Nothing is better than seeing some numbers reflecting the points mentioned above, so here I try to write simple programs that compare the performance of DateTime.Now, DateTime.UtcNow, and Stopwatch. Normally, it’s hard to compare the properties of DateTime structure with Stopwatch as they are different by nature, however, thinking a little bit about good examples, it’s possible to relate them together and compare their runtime performance.

Here I develop three pieces of code that accomplish the same goal using these three approaches. I generate different sample sizes (incremented by a unit of 500 for 10 sample data batches) and perform a very basic (and senseless) task. I use DateTime.Now, DateTime.UtcNow, and Stopwatch to calculate the time that it takes to run my code. I measure my elapsed time using QueryPerformanceCounter to have a good precision.

Listing 5: Code to test DateTime.Now

private static void TestDateTimeNow()
{
    Console.WriteLine("Testing DateTime.Now ...");
 
    for (int sampleSize = 500; sampleSize <= 5000; sampleSize += 500)
    {
        long start = 0;
        QueryPerformanceCounter(ref start);
 
        for (int counter = 0; counter < sampleSize; counter++)
        {
            DateTime startTime = DateTime.Now;
 
                int dumbSum = 0;
                for (int temp = 0; temp < 5; temp++)
                    dumbSum++;
 
            DateTime endTime = DateTime.Now;
 
            TimeSpan duration = endTime - startTime;
        }
 
        long end = 0;
        QueryPerformanceCounter(ref end);
            
        long time = 0;
        time = end - start;
 
        Console.WriteLine("Sample Size: {0} - Time: {1}", sampleSize, time);
    }
}

A very similar code can be used with DateTime.UtcNow (listing 6).

Listing 6: Code to test DateTime.Now

private static void TestDateTimeUtcNow()
{
    Console.WriteLine("Testing DateTime.UtcNow ...");
 
    for (int sampleSize = 500; sampleSize <= 5000; sampleSize += 500)
    {
        long start = 0;
        QueryPerformanceCounter(ref start);
 
        for (int counter = 0; counter < sampleSize; counter++)
        {
            DateTime startTime = DateTime.UtcNow;
 
                int dumbSum = 0;
                for (int temp = 0; temp < 5; temp++)
                    dumbSum++;
 
            DateTime endTime = DateTime.UtcNow;
 
            TimeSpan duration = endTime - startTime;
        }
 
        long end = 0;
        QueryPerformanceCounter(ref end);
            
        long time = 0;
        time = end - start;
 
        Console.WriteLine("Sample Size: {0} - Time: {1}", sampleSize, time);
    }
}

And finally, Stopwatch can be applied to measure the duration of time to execute this code using its Start and Stop methods as well as its Elapsed property (listing 7).
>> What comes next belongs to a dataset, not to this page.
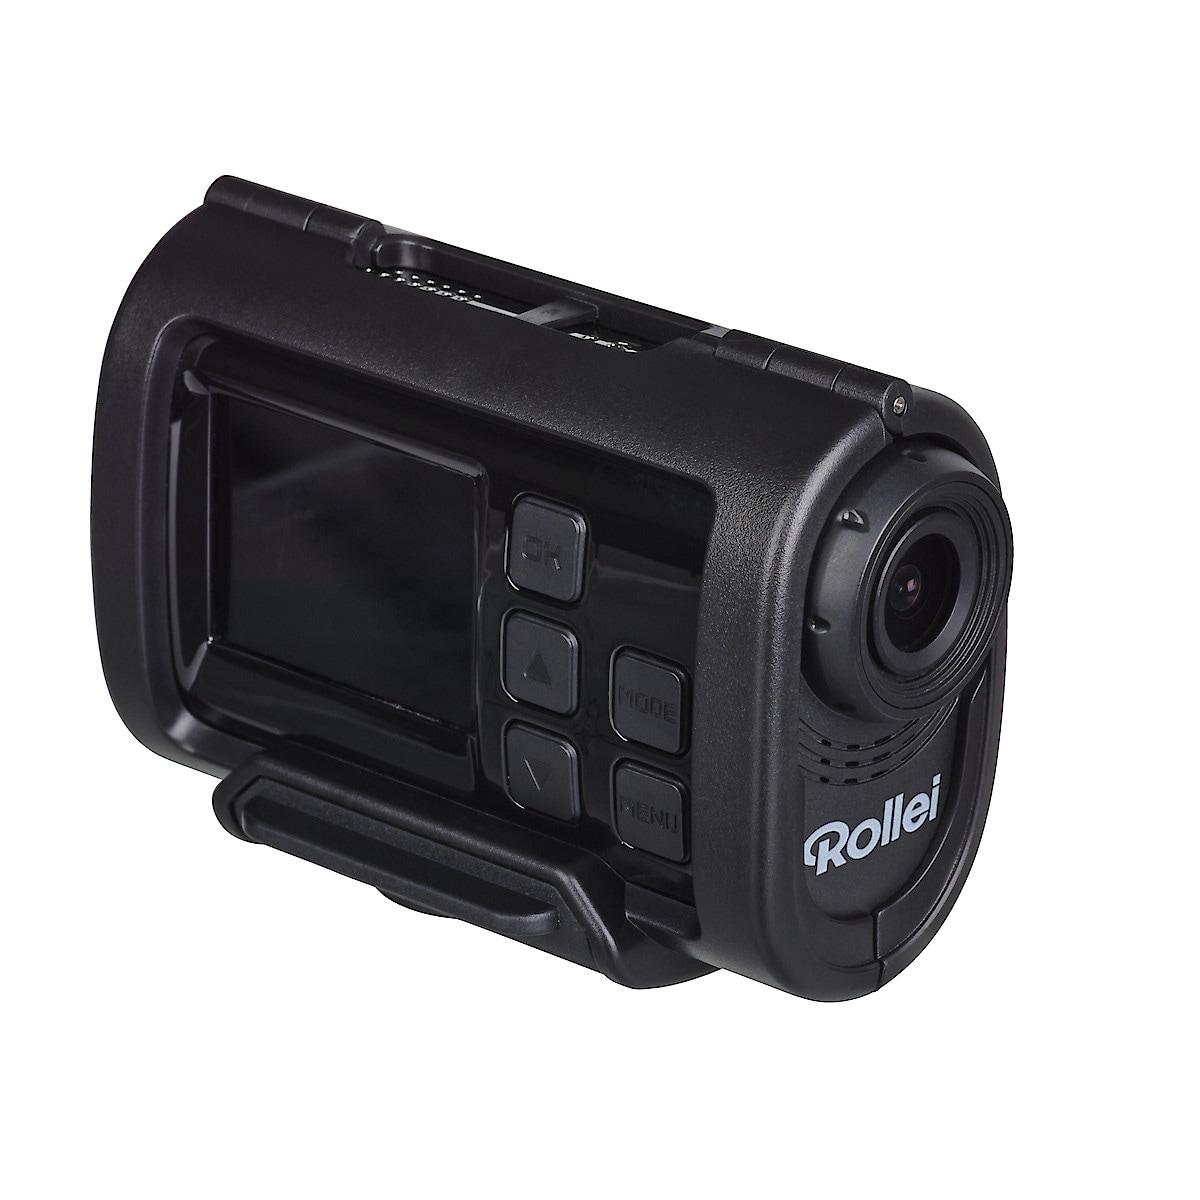 Actionkamera Rollei S30 WiFi

Listing 7: Code to test Stopwatch

private static void TestStopwatch()
{
    Console.WriteLine("Testing Stopwatch ...");
 
    for (int sampleSize = 500; sampleSize <= 5000; sampleSize += 500)
    {
        long start = 0;
        QueryPerformanceCounter(ref start);
 
        for (int counter = 0; counter < sampleSize; counter++)
        {
            Stopwatch watch = new Stopwatch();
 
            watch.Start();
 
            int dumbSum = 0;
            for (int temp = 0; temp < 5; temp++)
                dumbSum++;
 
            watch.Stop();
 
            TimeSpan duration = watch.Elapsed;
        }
 
        long end = 0;
        QueryPerformanceCounter(ref end);
 
        long time = 0;
        time = end - start;
 
        Console.WriteLine("Sample Size: {0} - Time: {1}", sampleSize, time);
    }
}

Sometimes a picture is worth a thousand words and figure 1 can reflect whatever I’ve mentioned so far.

Figure 1: Quantitative comparison between DateTime.Now, DateTime.UtcNow, and Stopwatch

Here we see some interesting results and it’s more interesting when we consider the fact that these codes are tested with realistic sample data sizes between 500 and 5000. Here DateTime.Now (the blue line) has the worst performance at top followed by Stopwatch (the green line) and DateTime.UtcNow (the red line). UtcNow stands much lower than the other options with a very steady pace (unlike other two options) and surprisingly, performs better than Stopwatch. This is of course expected as I showed you the internal implementation of Stopwatch which is using DateTime.UtcNow with some extra processing.

Here a good question is why we need to use Stopwatch when DateTime.UtcNow is performing better. The answer is that it’s possible to do that and actually, it’s much better if you’re sure that you get such a significant difference by applying UtcNow rather than Stopwatch. But there is a major and a minor advantage for Stopwatch over UtcNow. The major advantage is that Stopwatch can perform in a higher resolution by applying QueryPerformanceCounter rather than DateTime.UtcNow. The minor advantage is that Stopwatch provides a more fluent and human-readable method to perform this task.